Word for word, transcribe the lines below and drop the pictures.

**Collected material:**
____

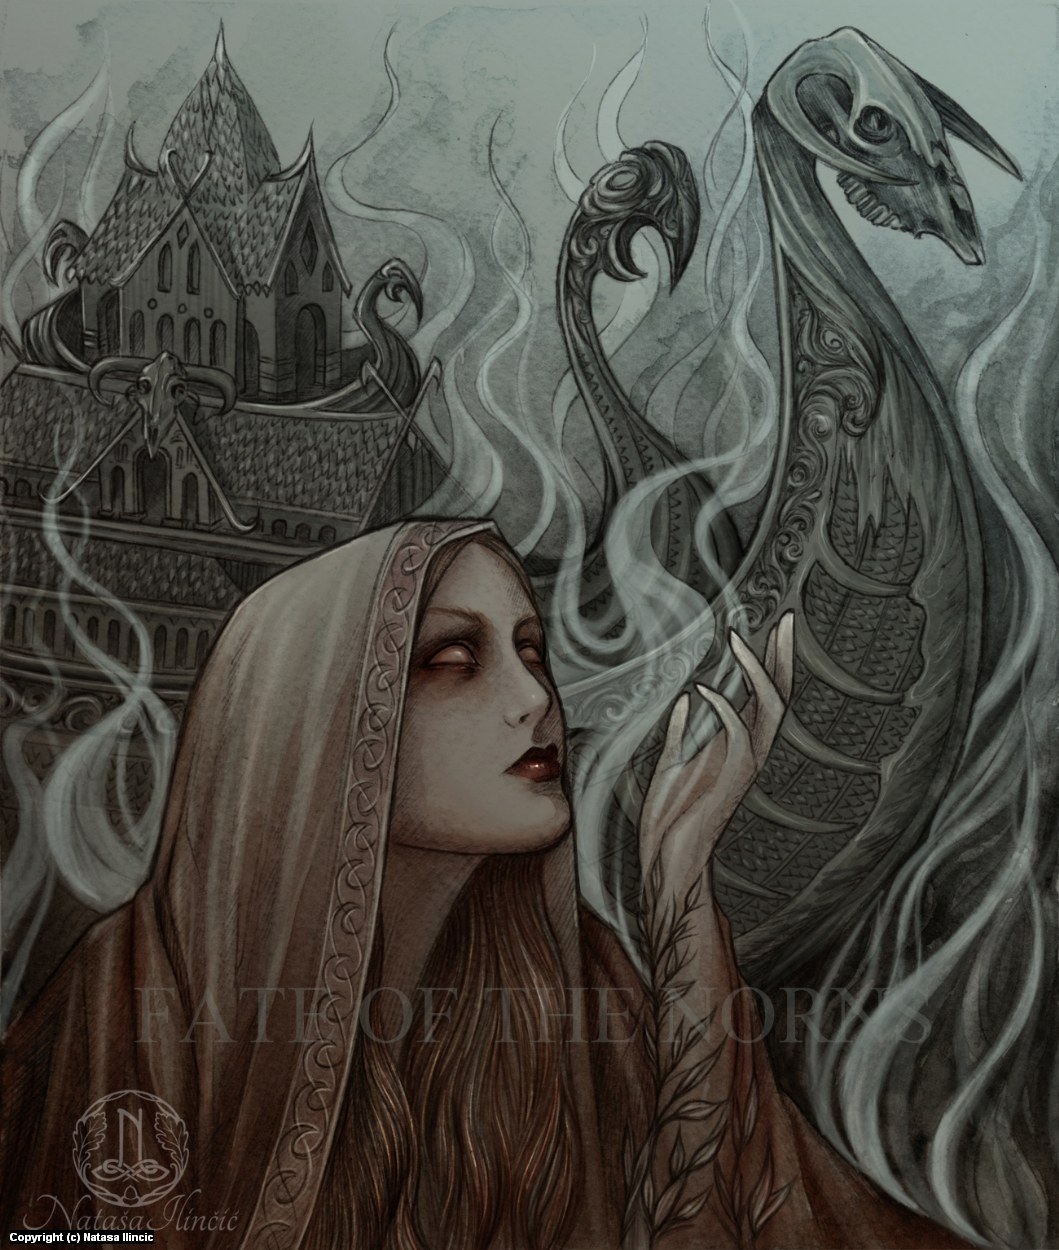 Volva's Vision Artwork by Natasa Ilincic
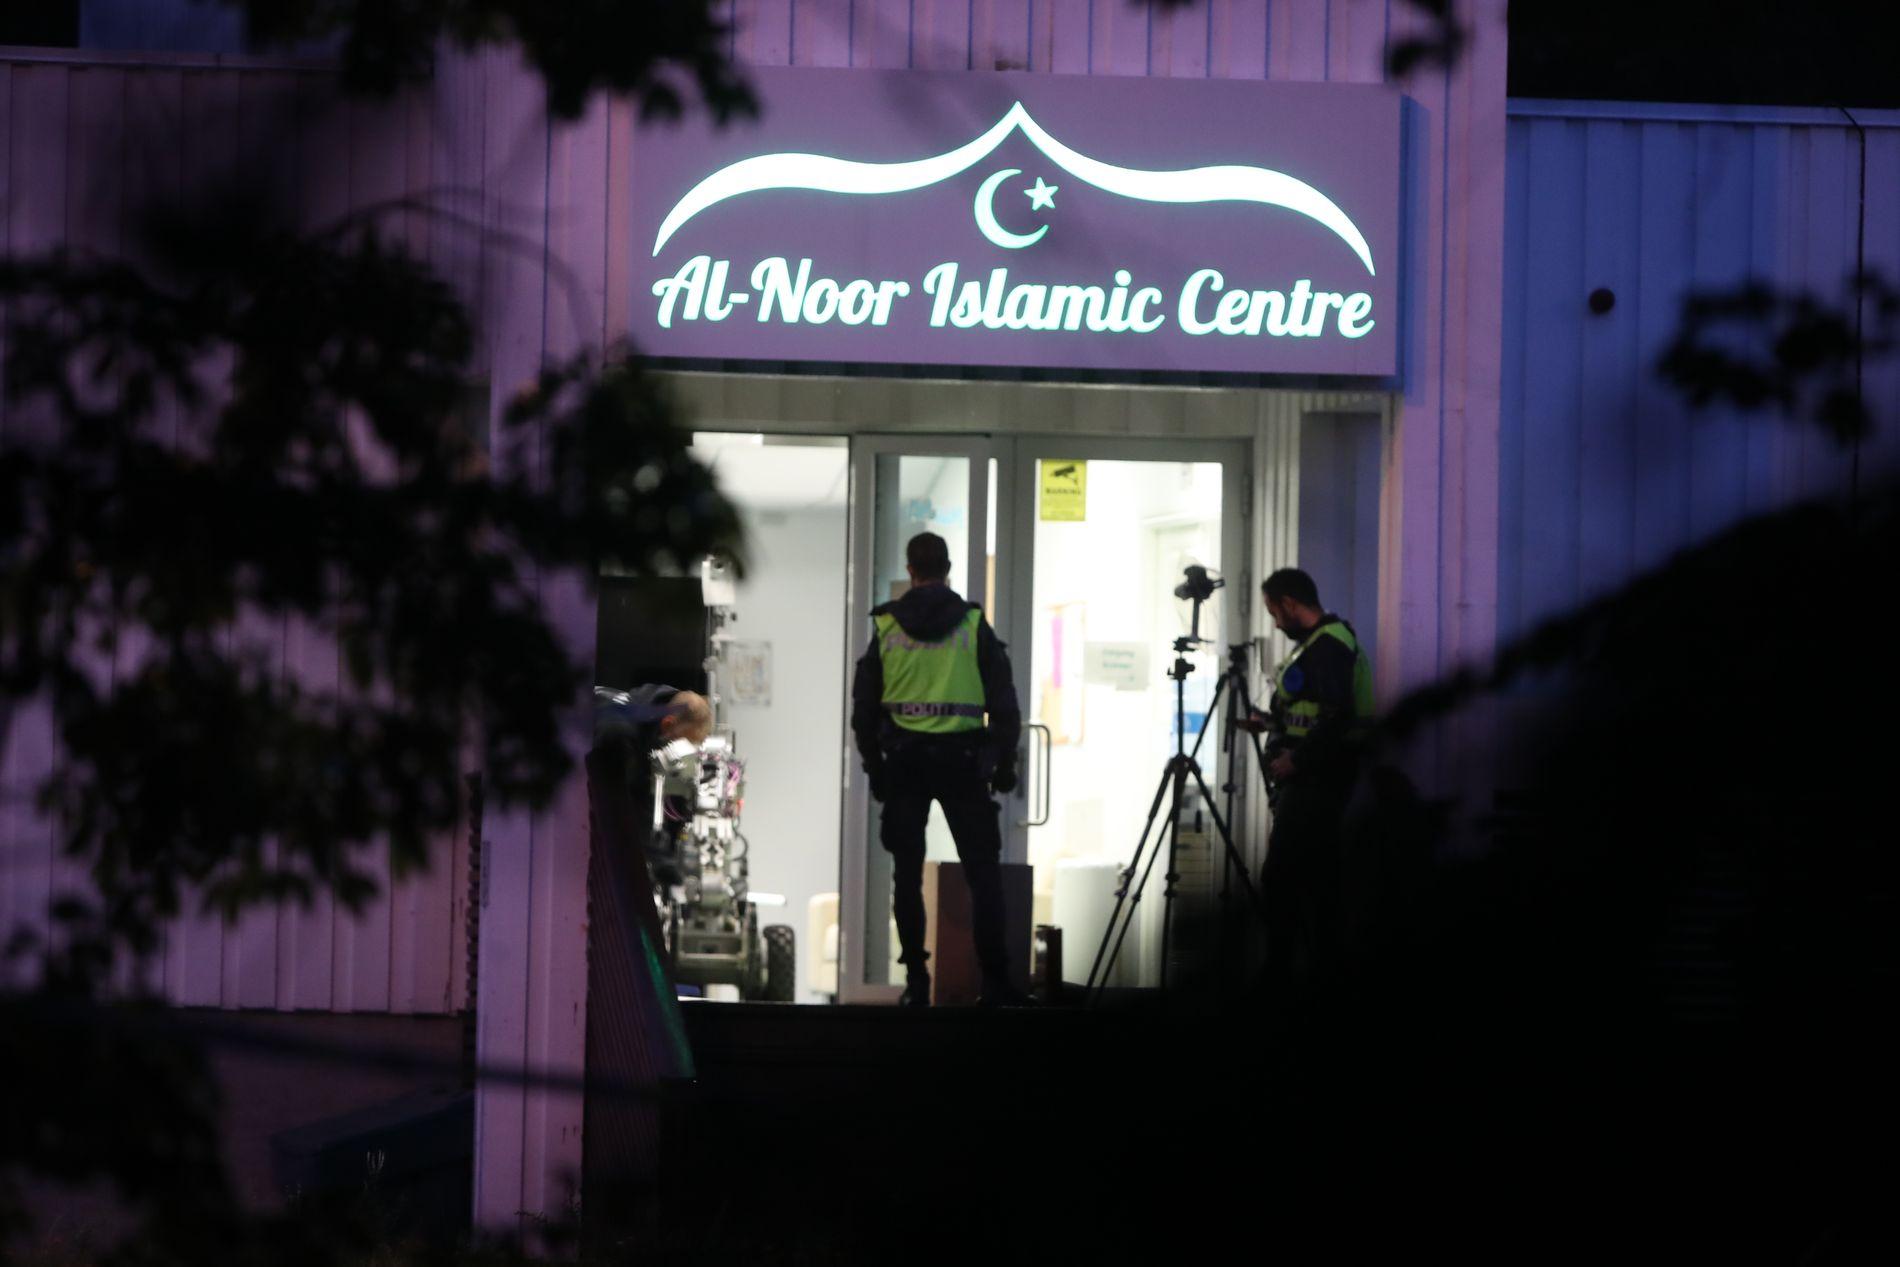 Skyteepisoden fant sted i al-Noor Islamic Center i Bærum lørdag.
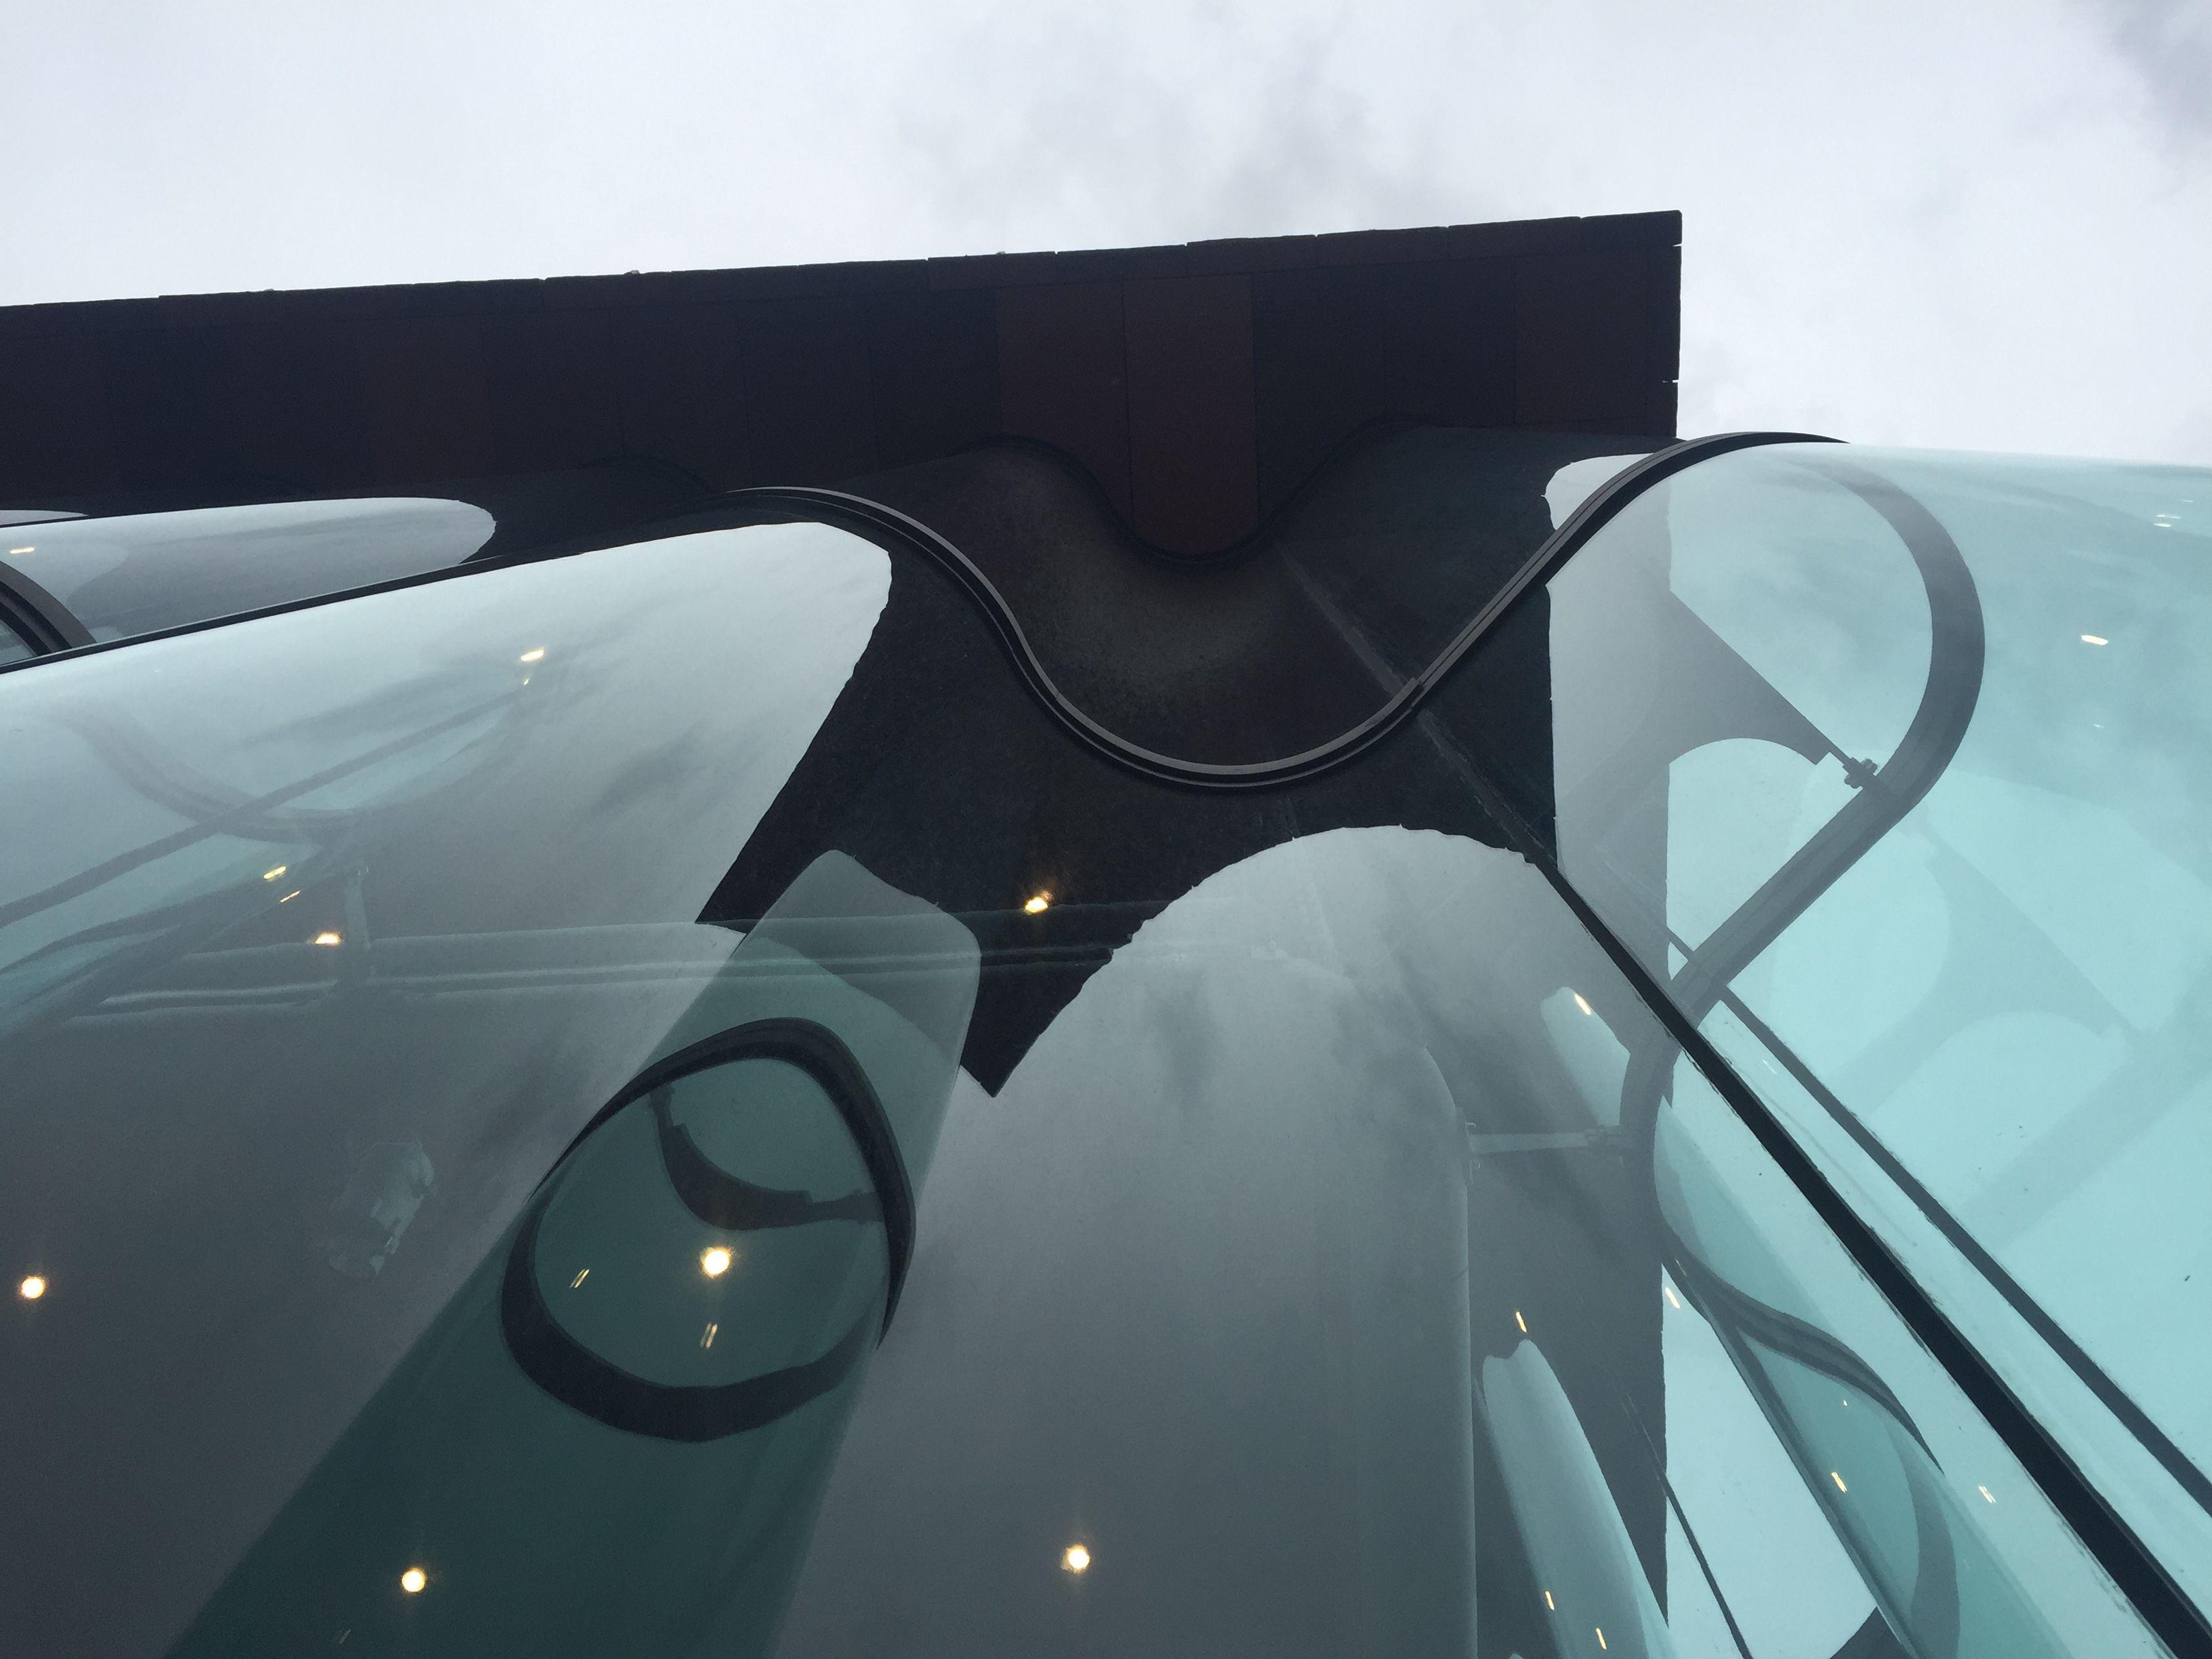 Curved Glass Facade, Antwerp

____

**Output for this task:**
 Volva's Vision Artwork by Natasa Ilincic
 Skyteepisoden fant sted i al-Noor Islamic Center i Bærum lørdag.
 Curved Glass Facade, Antwerp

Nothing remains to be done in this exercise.